The evaluation method comprises the following steps: in order to accurately evaluate the matching effect of the HTTN threat hunting model provided by the application, the mean square error (Mean Square Error, MSE) and Spearman class correlation coefficient are adopted) And precision @10 (precision @10, p @ 10) measure model performance, respectively;
where MSE is used to measure the predicted similarity scoreMean square variance with true similarity score as in equation (6);evaluating a ranking correlation between the predicted result and the true ranking result; p@10 calculates the interaction of the predicted similarity score with the actual similarity score divided by 10.
Data set introduction and preprocessing: the experimental data set comes from Linux kernel audit logs under certain APT attack scenes, the novel electric power system belongs to a distributed architecture, and most of services are deployed in a Linux server, so that the safety requirement on the server is extremely high, the kernel audit logs record user system programs, processes and operations based on a Linux bottom layer, and log information of each stage of APT attack can be collected.

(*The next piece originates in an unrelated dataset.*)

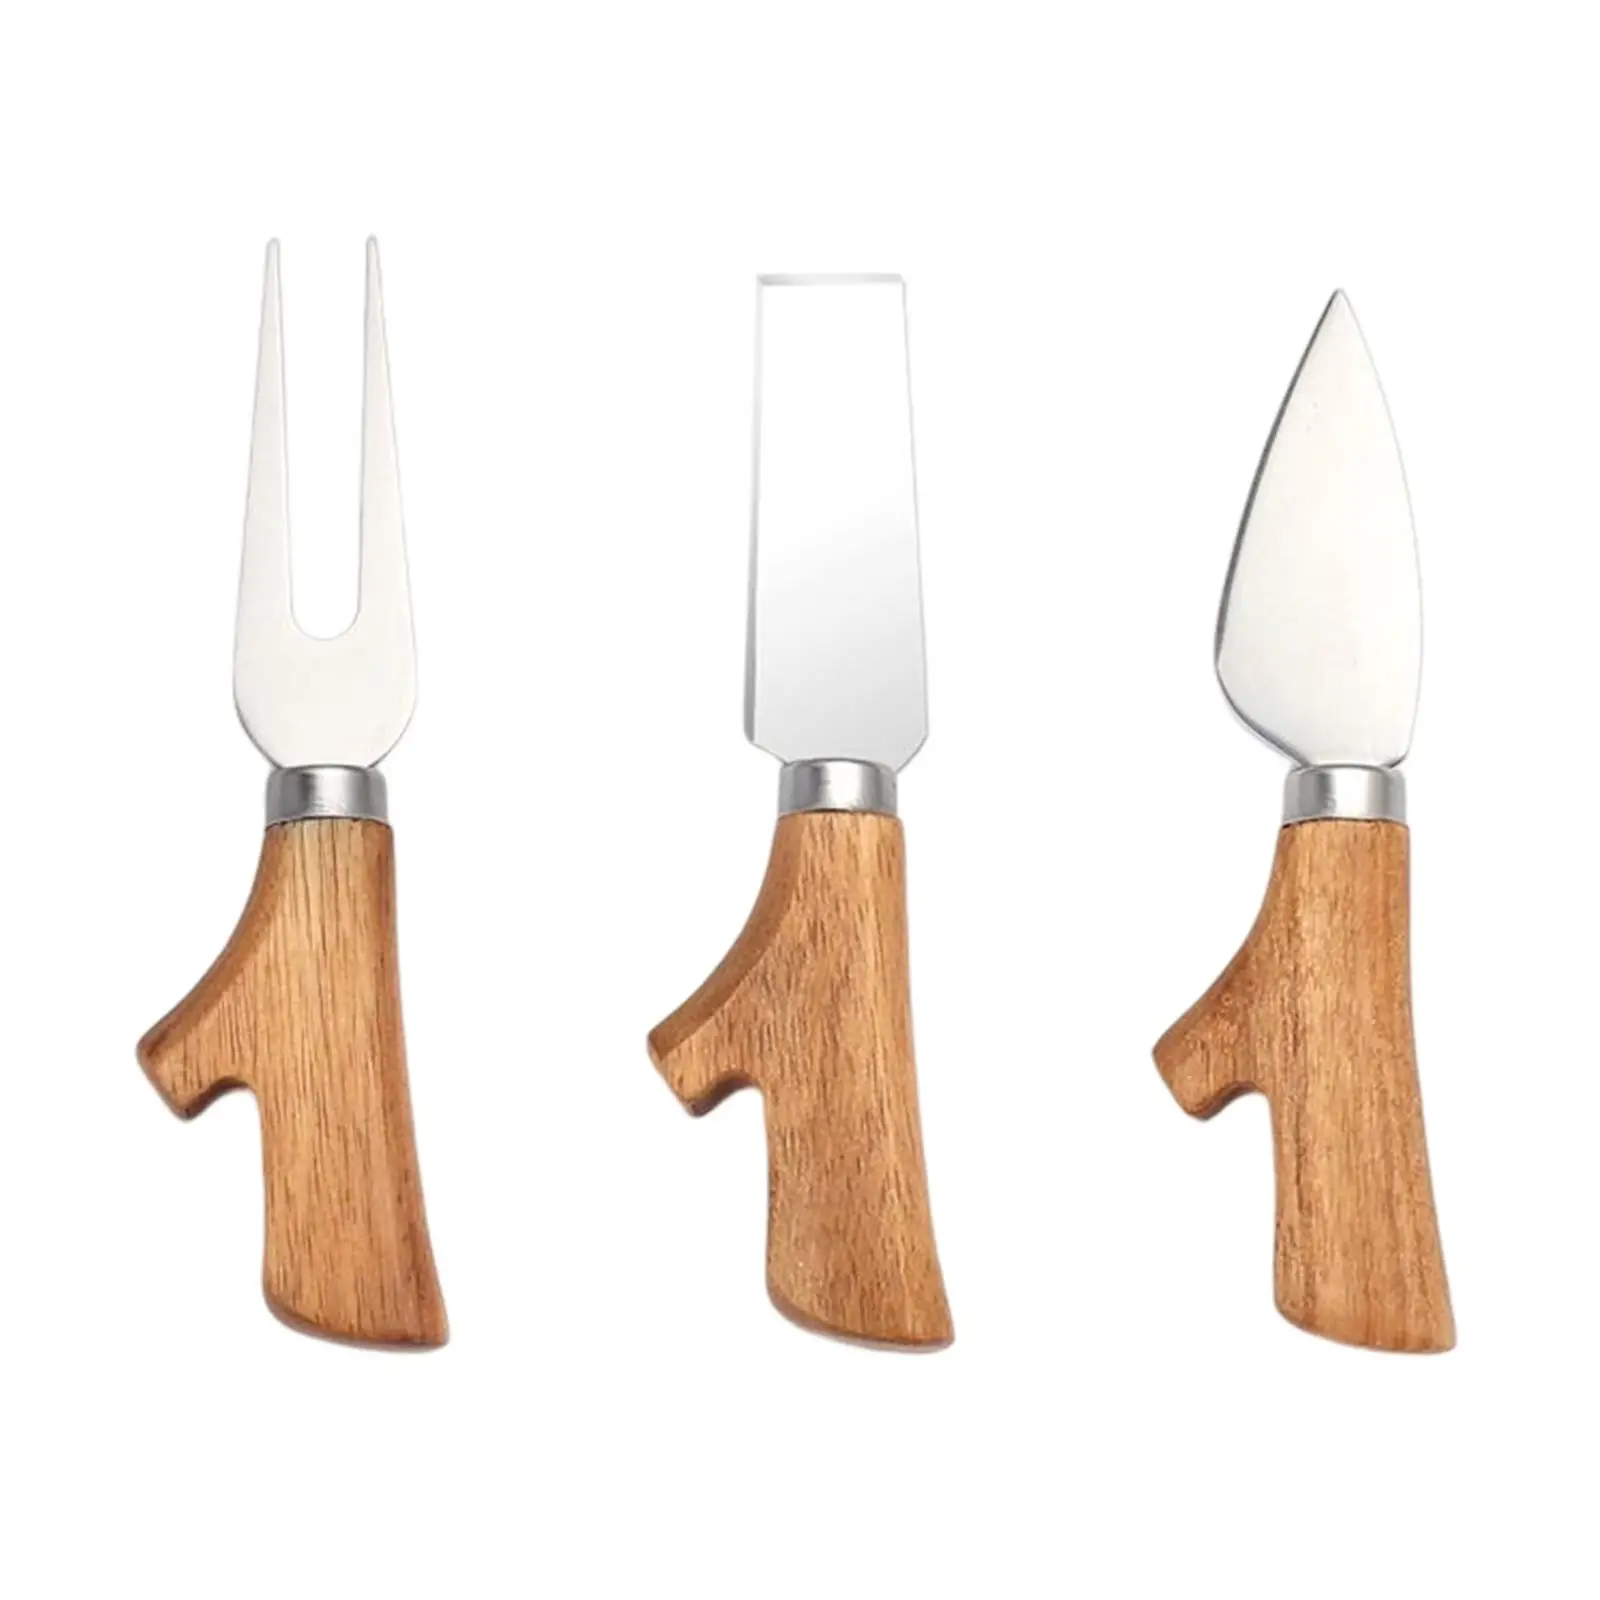 3 Pieces Cheese Knife Kit Wood Handle Easily clean for Bakery Kitchen Utensils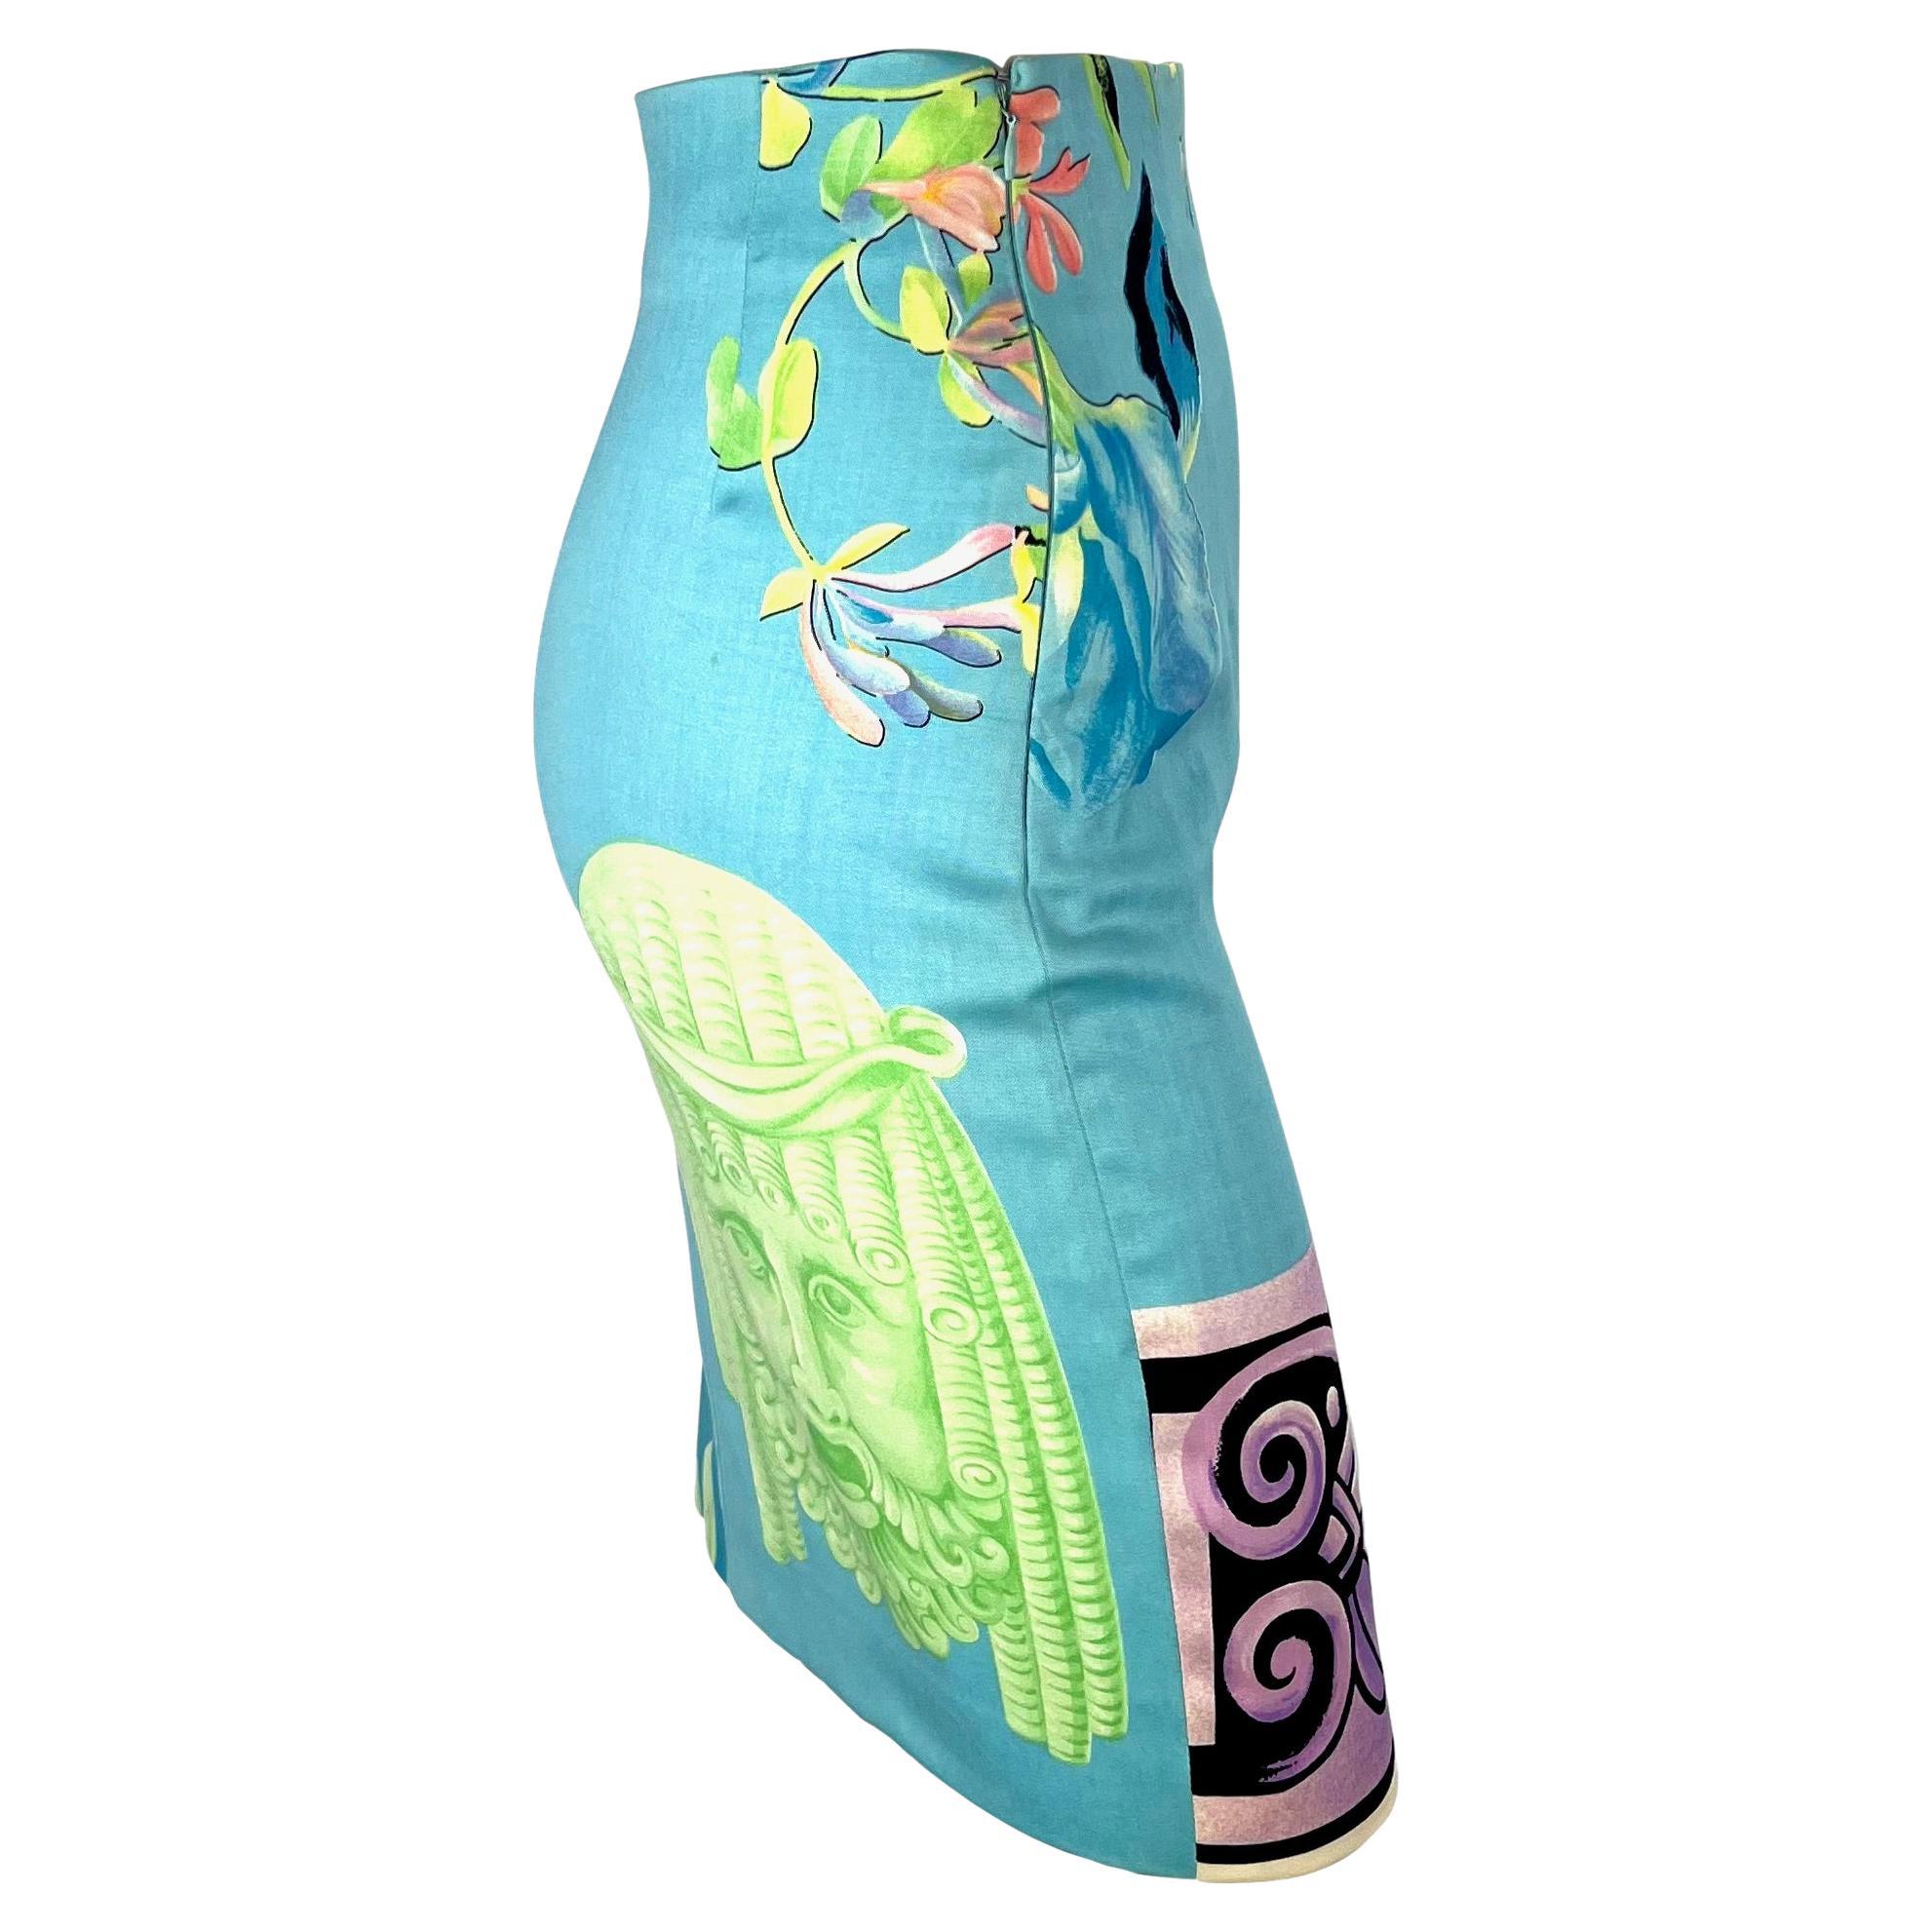 S/S 1992 Gianni Versace Couture Pastel Floral Mask Print Blue Pencil Skirt For Sale 1

One node in the log graph represents one command or program and one edge represents the correlation between commands or programs.
In the data set, 1000 log graph pairs are randomly selected, and are divided into a training set, a test set and a verification set according to 60%, 20% and 20%, and the number of log graph nodes generated by threat information is generally not more than 15 because of the characteristic of masking of an APT attack, and the similarity score of the log graph pairs is generated by using an A-type algorithm on the data set.
Analysis of experimental results of different models: experiments the HTTN threat hunting model provided by the application is compared with the conventional SimNGN, graphSim, HGMN and H2MN graph regression model, and the experimental results are shown in Table 2:
,
in the table 2, the data of the table,
5, 6 and 7, in a Linux log data set including an APT attack, the HTTN threat hunting model provided by the application is reduced by 0.81 compared with SimNN, about 0.27 compared with the GraphSim model, about 0.166 compared with the HGMN model and 0.046 compared with the H2MN model in a mean square error index;
in terms of Spearman rank correlation coefficients, the HTTN threat hunting model provided by the application is improved by 0.06 compared with SimNN, 0.0226 compared with the GraphSim model, 0.0076 compared with the HGMN model and 0.0126 compared with the H2MN model;
in terms of the p@10 index, the HTTN threat hunting model is improved by about 0.1 compared with the SimNN, is improved by about 0.015 compared with the GraphSim model, is improved by 0.0147 compared with the HGMN model, and is improved by 0.011 compared with the H2MN model. By applying a magnetic field to MSE,Compared with the p@10 index, the effectiveness of adding the transform coding layer multi-head attention to the log graph superside matrix in the HTTN threat hunting model can be fully proved, and compared with other four models, the effectiveness of adding the transform coding layer multi-head attention to the log graph superside matrix in the HTTN threat hunting model is better in threat information matching.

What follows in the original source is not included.